_TASK TO CARRY OUT_
Please give the whole listing again exactly, without any of its pictures.

_STORED DATA_
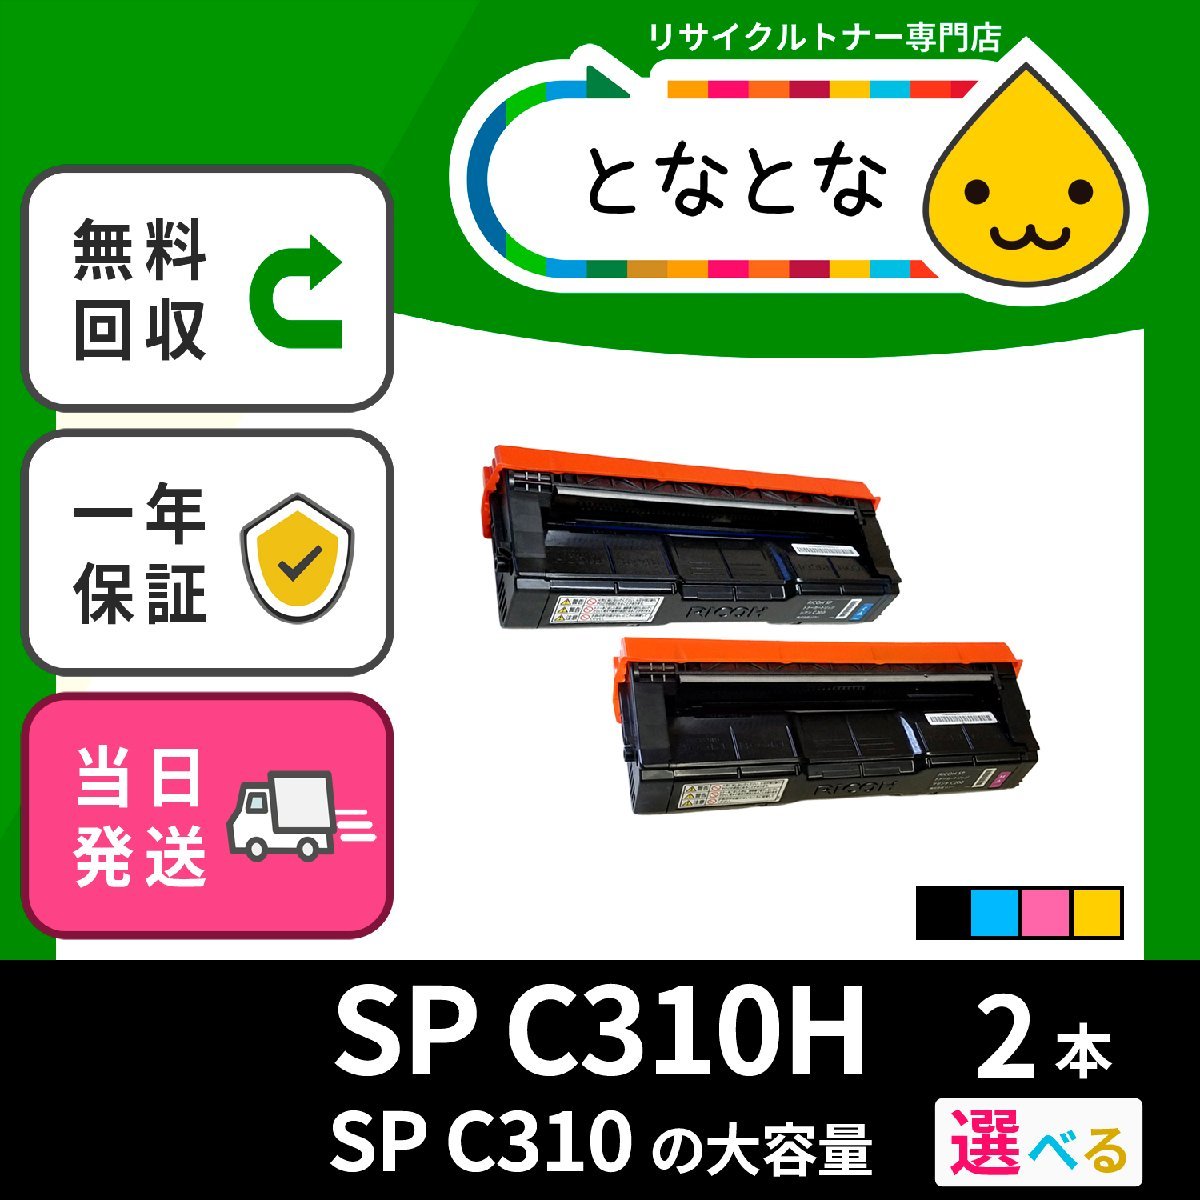 品多く SP 純正品IPSiO RICOH 送料無料 トナー C830用) SP C831/IPSiO
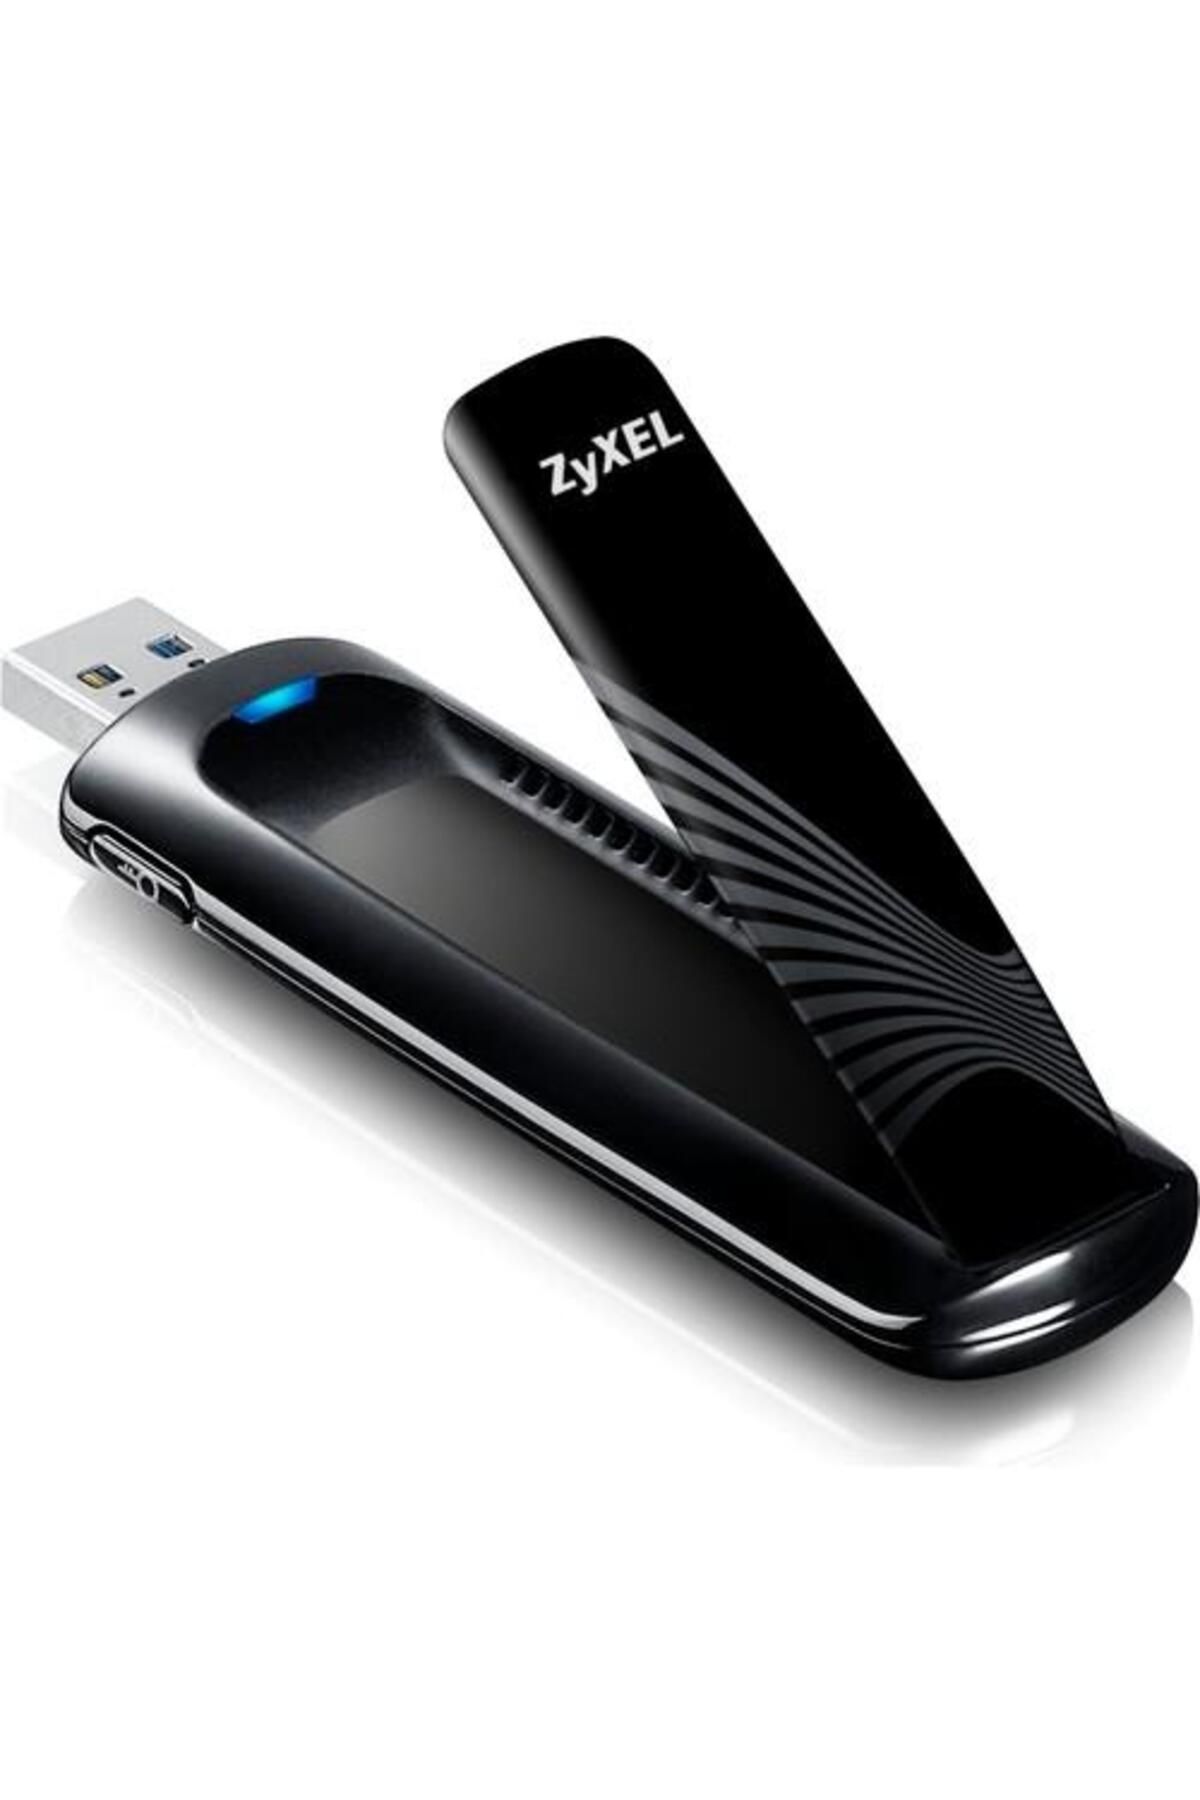 Zyxel NWD6605 AC1200 2.4GHz&5GHz Kablosuz Dual Band AC 1200Mbps USB Adaptör
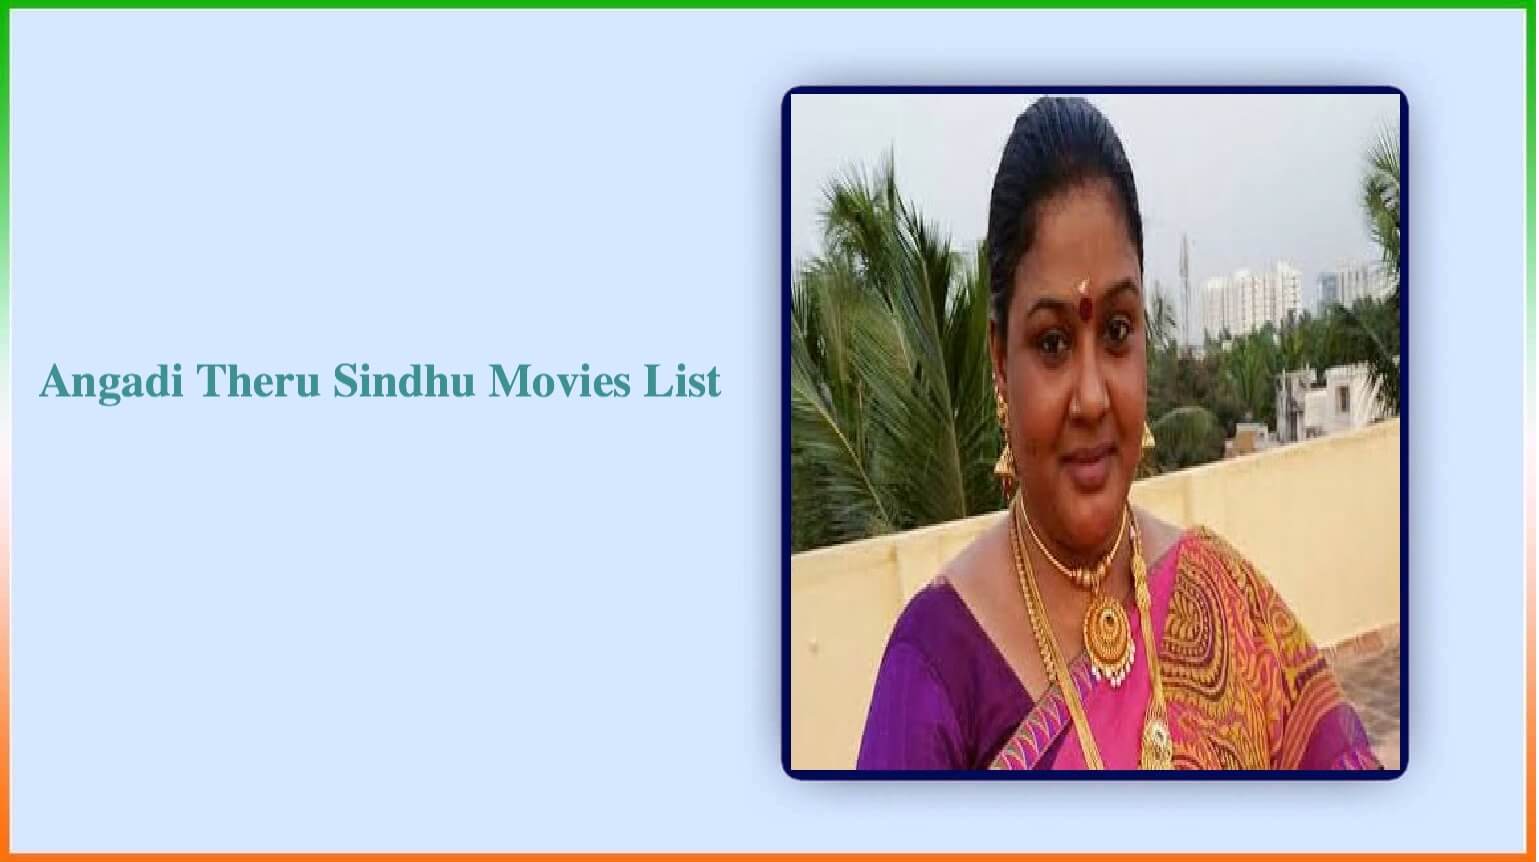 Angadi Theru Sindhu Movies List
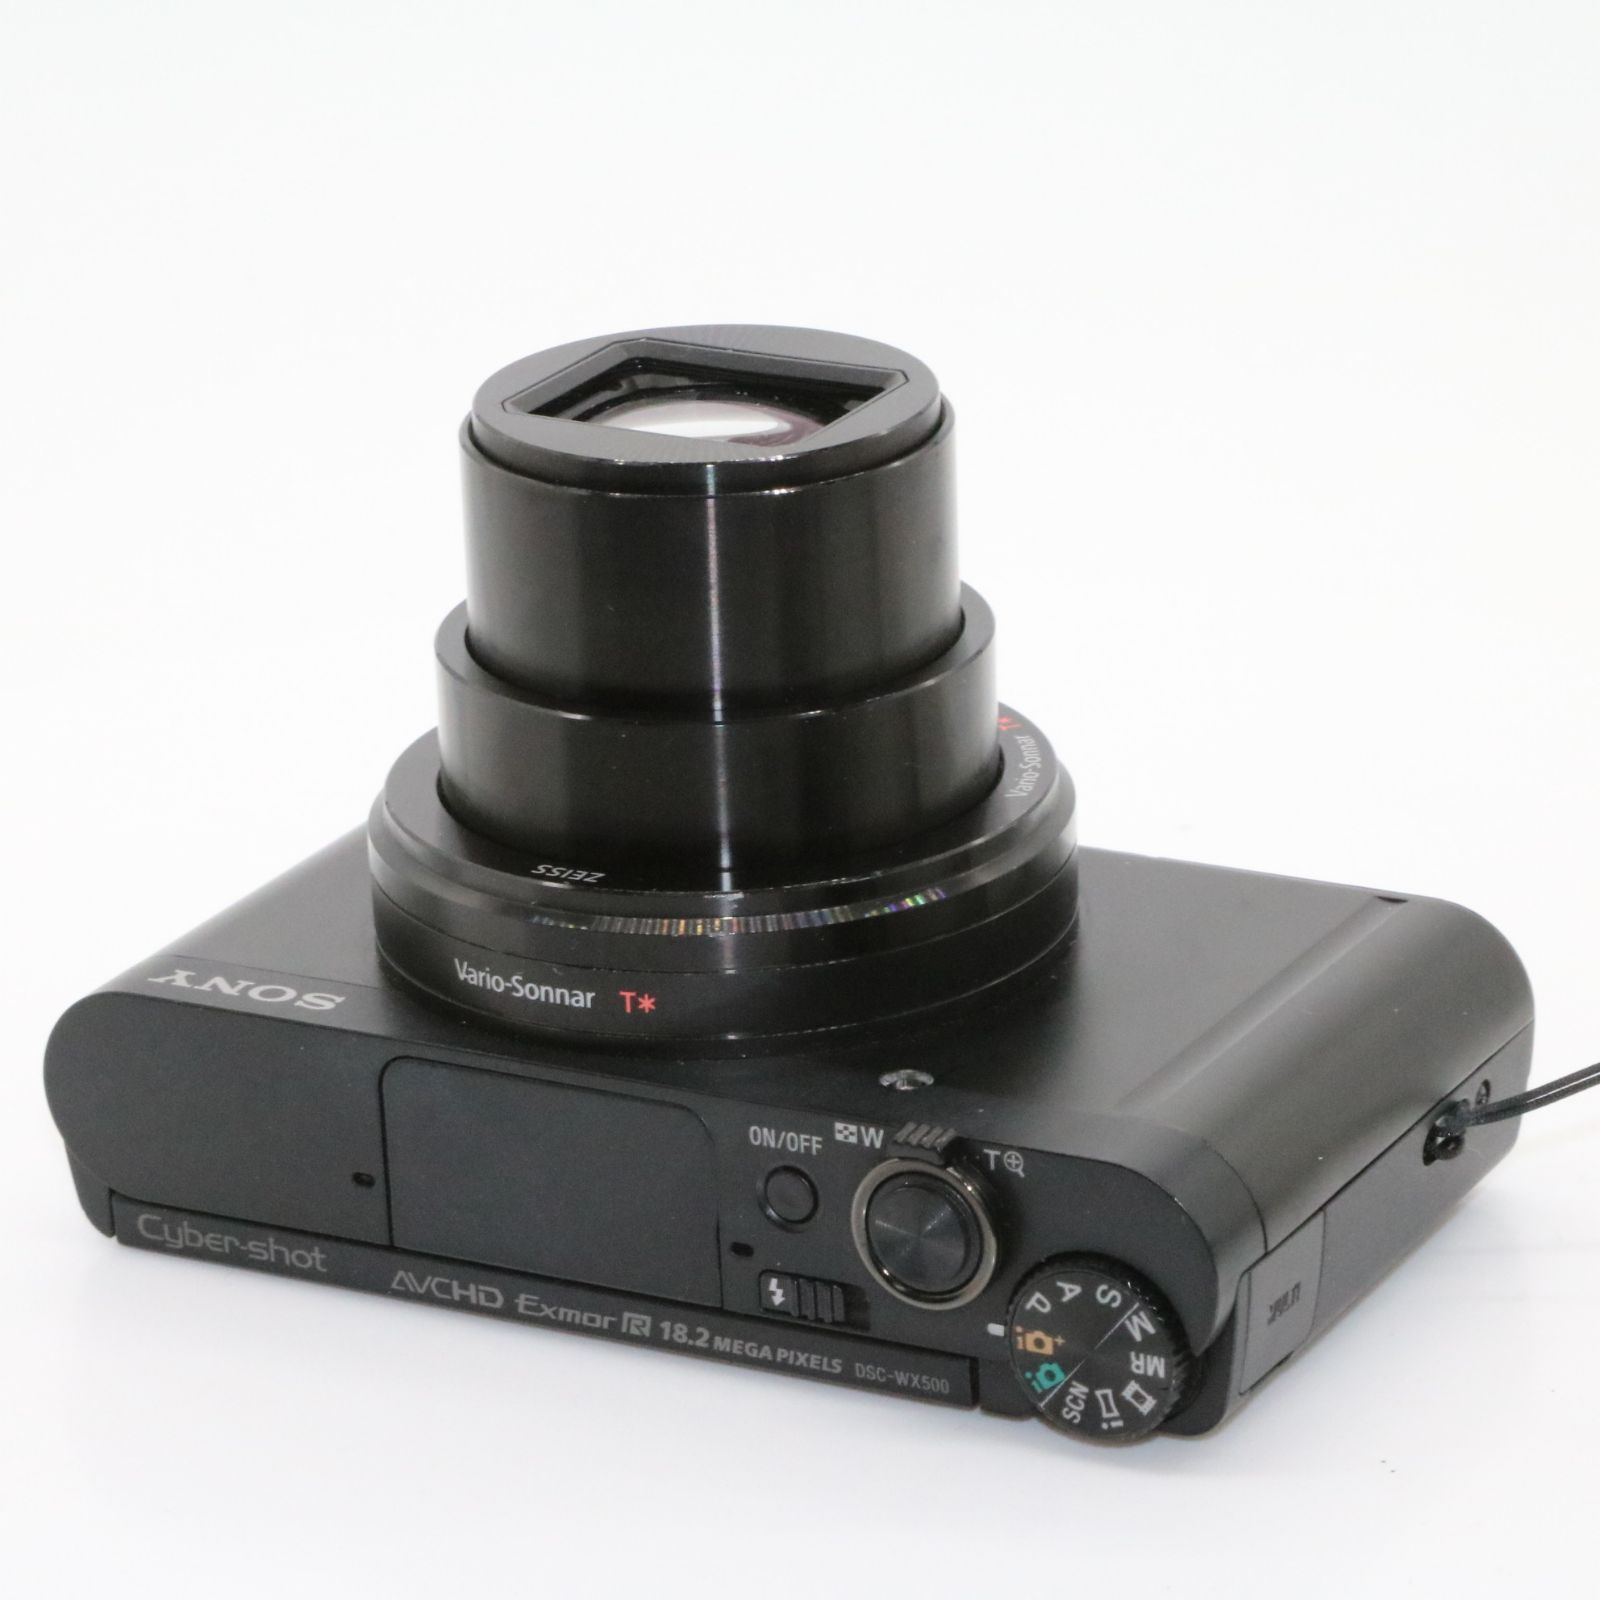 良品 予備バッテリー付き SONY ソニー コンパクトデジタルカメラ Cyber-shot DSC-WX500 ブラック  光学ズーム30倍(24-720mm) 180度可動式液晶モニター DSC-WX500 BC

_SOLUTION TO THIS PROBLEM_
 品多く SP 純正品IPSiO RICOH 送料無料 トナー C830用) SP C831/IPSiO
 Zyxel NWD6605 AC1200 2.4GHz&5GHz Kablosuz Dual Band AC 1200Mbps USB Adaptör
 Angadi Theru Sindhu Movies List
 良品 予備バッテリー付き SONY ソニー コンパクトデジタルカメラ Cyber-shot DSC-WX500 ブラック  光学ズーム30倍(24-720mm) 180度可動式液晶モニター DSC-WX500 BC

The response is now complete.